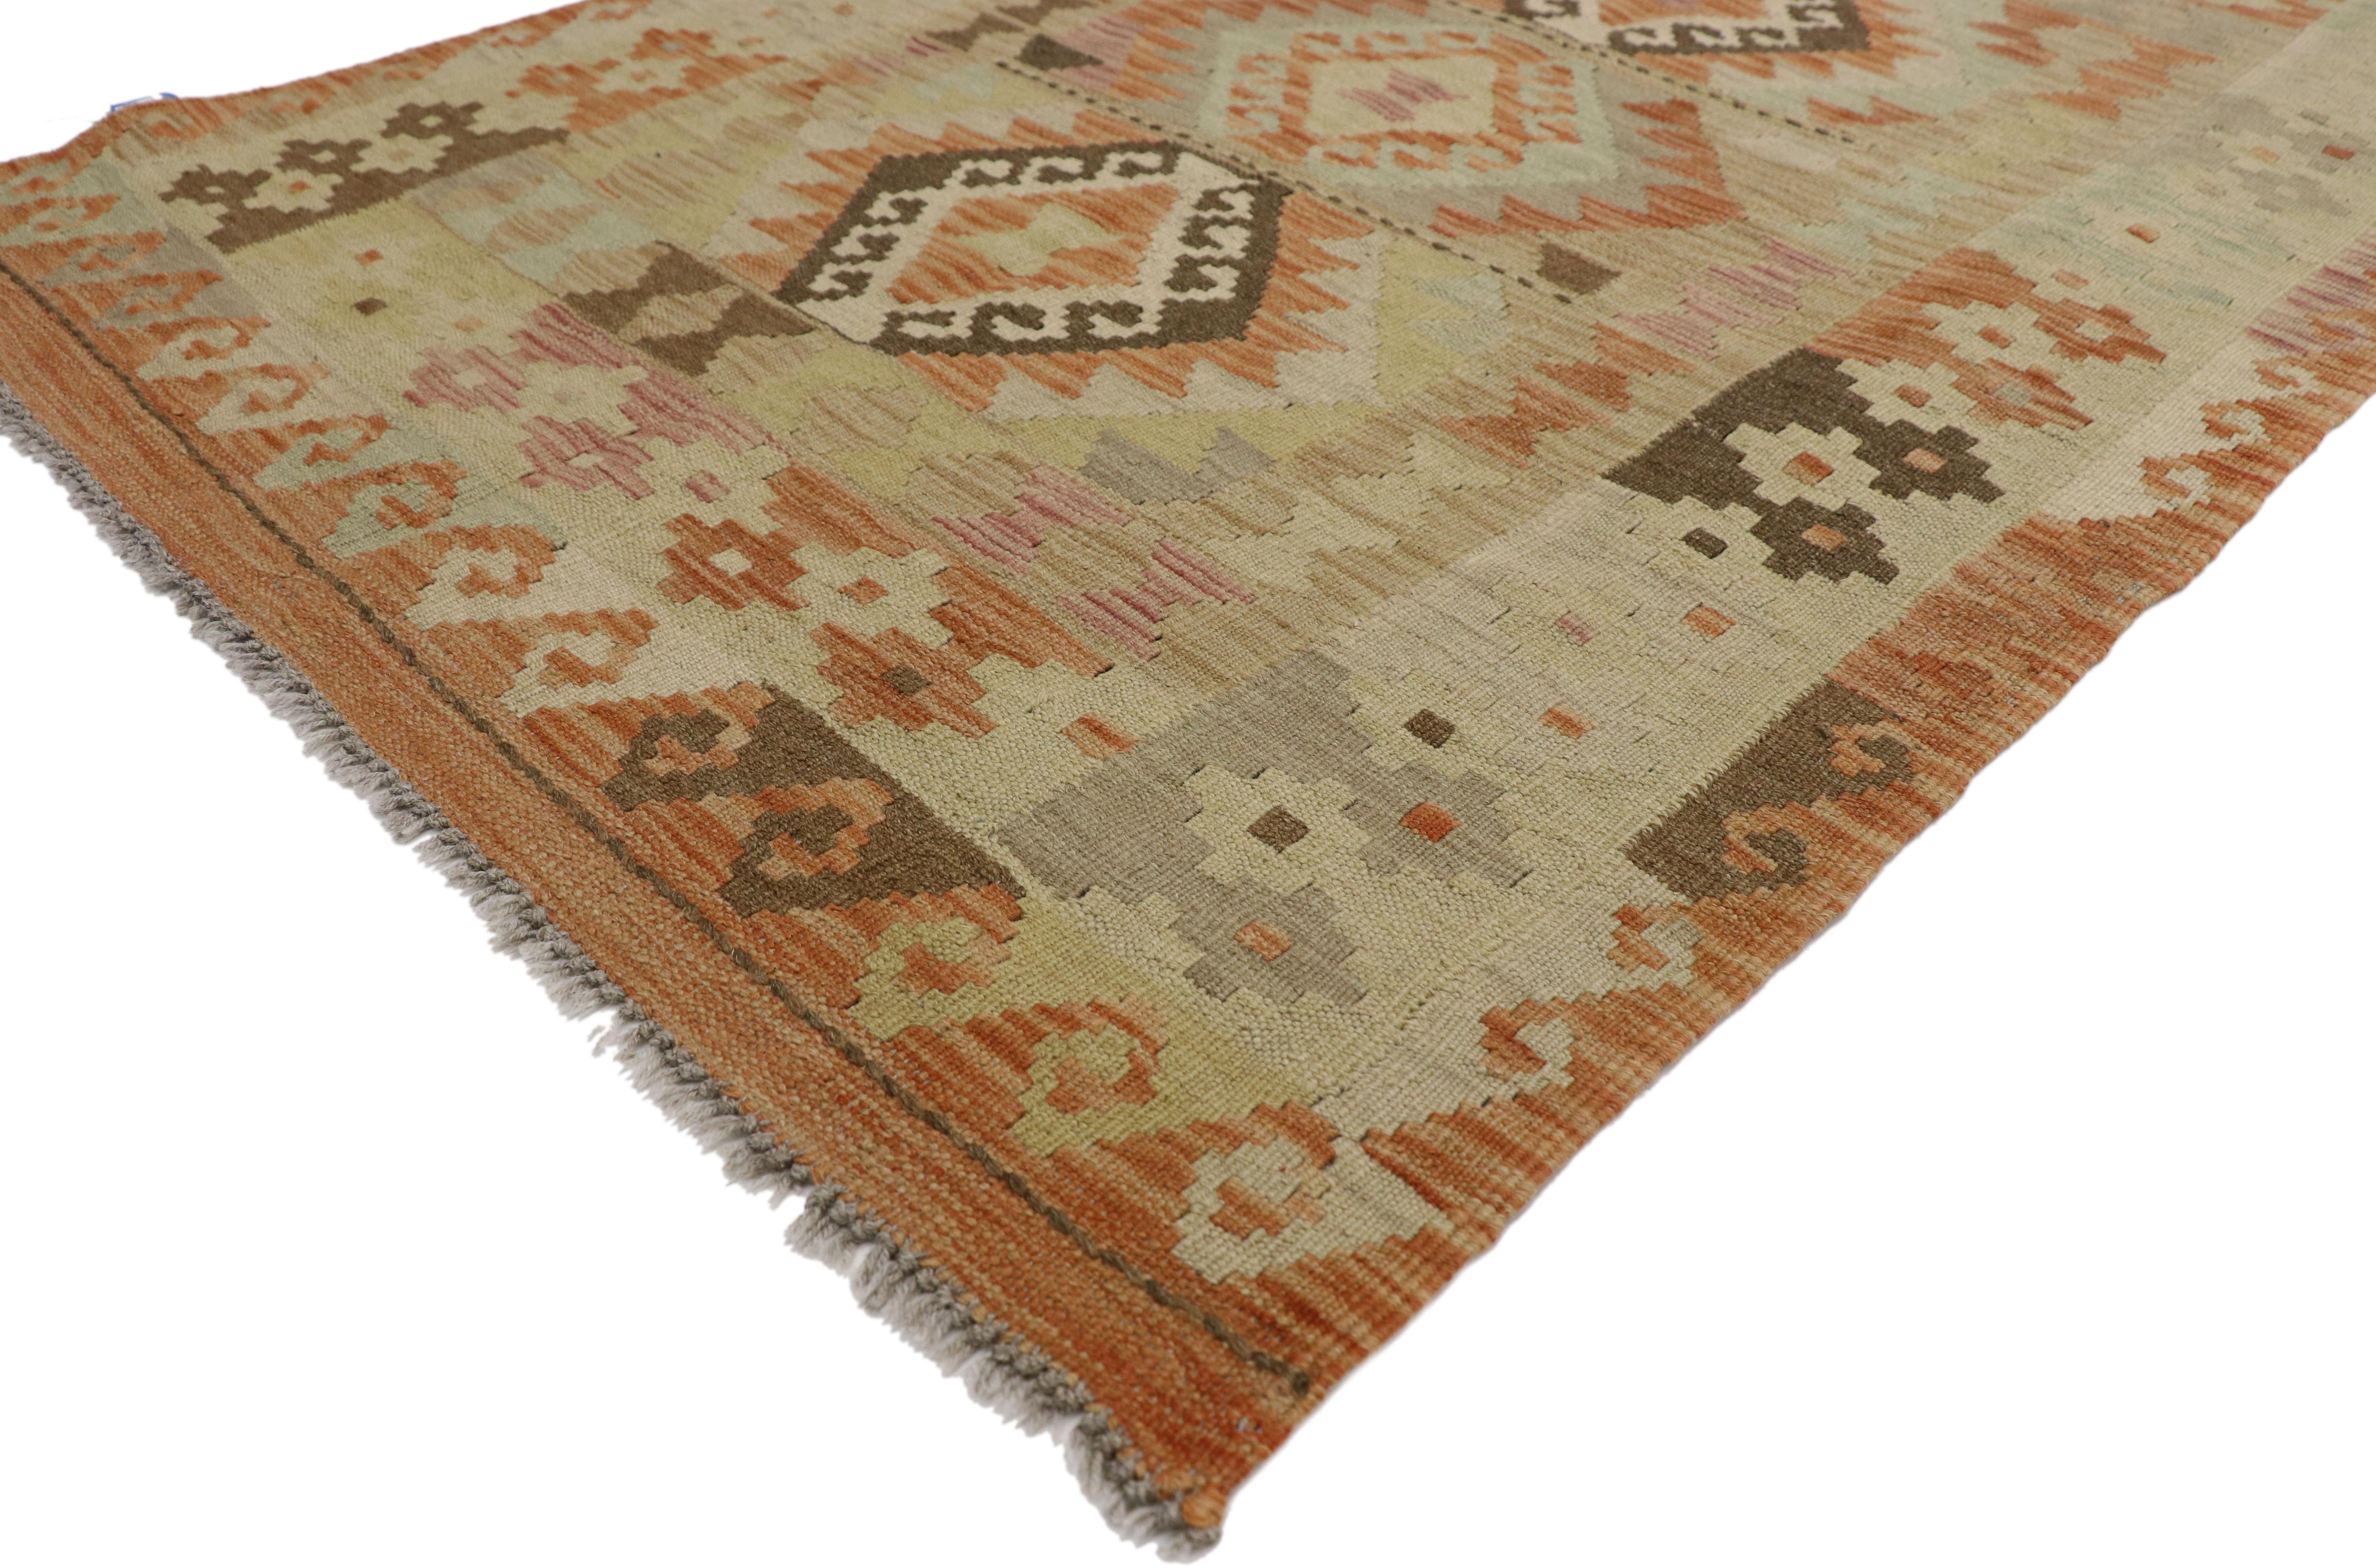 80140, boho chic vintage Afghani Shirvan kilim rug with tribal style. This handwoven wool Shirvan kilim rug features three hexagonal medallions in the style of Turkish guls. The interior field is lined with cruciform figures and a band patterned
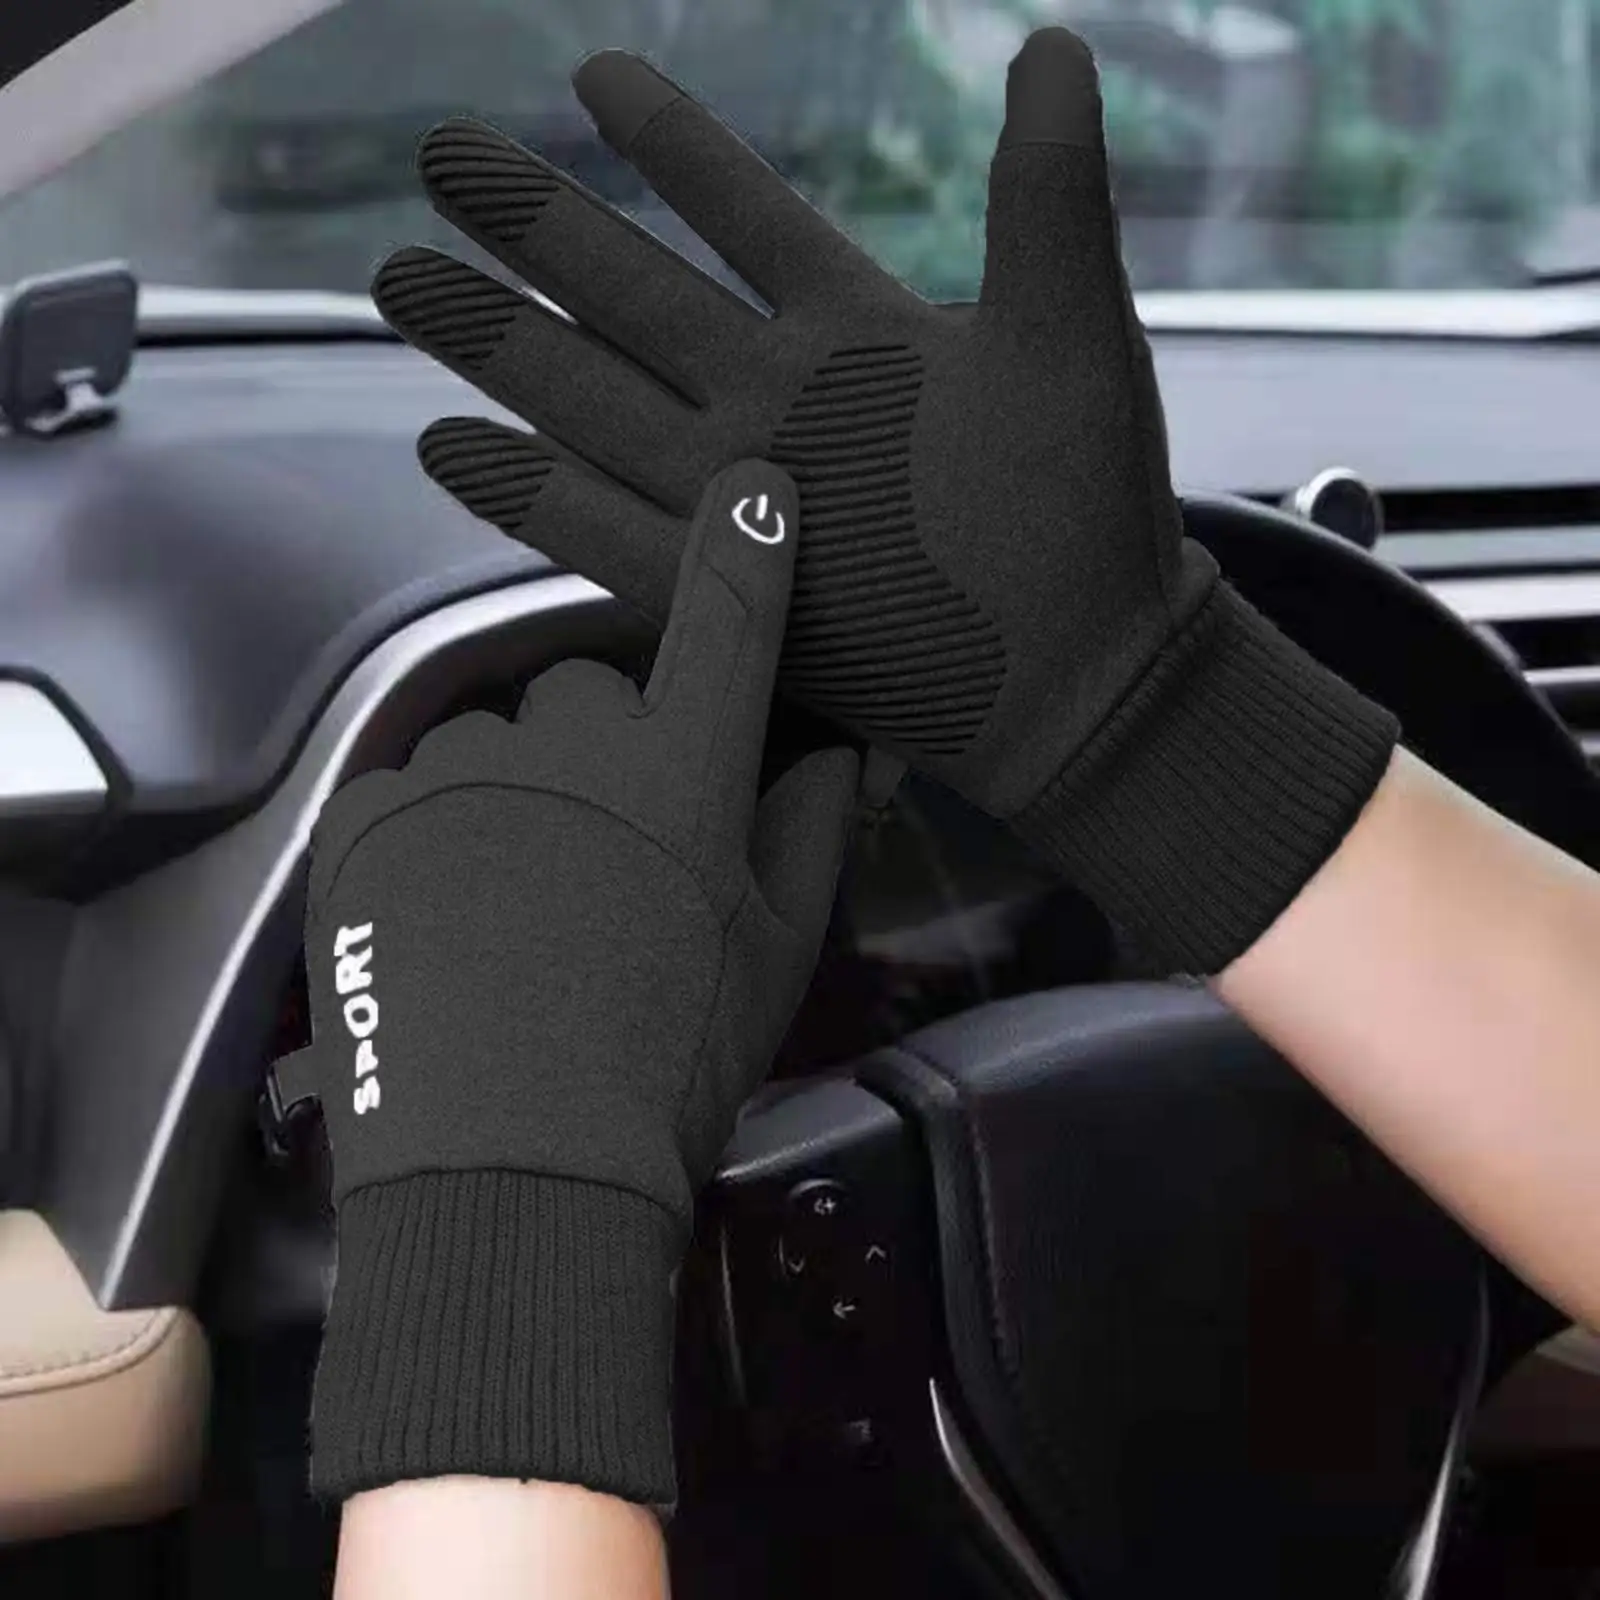 Cycling Gloves, Wear Resistant Mittens Weather Resistant Fashion Commuting Non
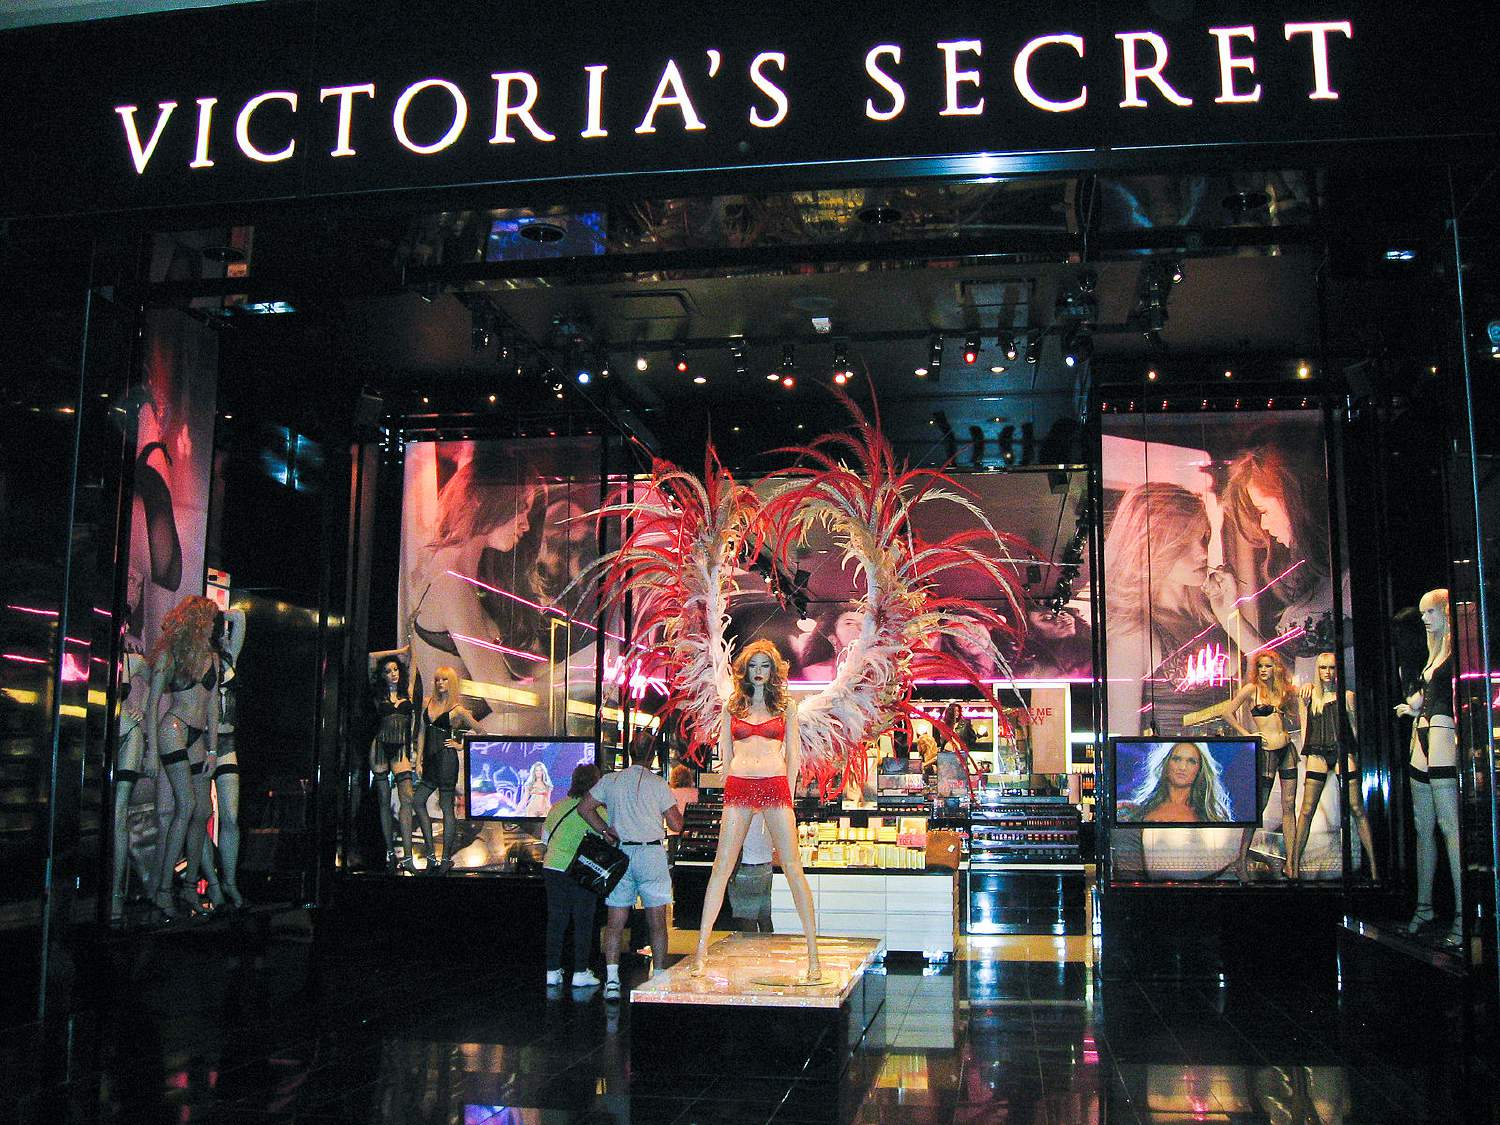 Time's up for the Victoria’s Secret fashion show

#### Instructions for the task
Set down exactly the lines between the one with "Cycling Gloves, Wear" and the last line of the material above, both included, but none of the pictures.

#### Result for this task
 Cycling Gloves, Wear Resistant Mittens Weather Resistant Fashion Commuting Non
 Time's up for the Victoria’s Secret fashion show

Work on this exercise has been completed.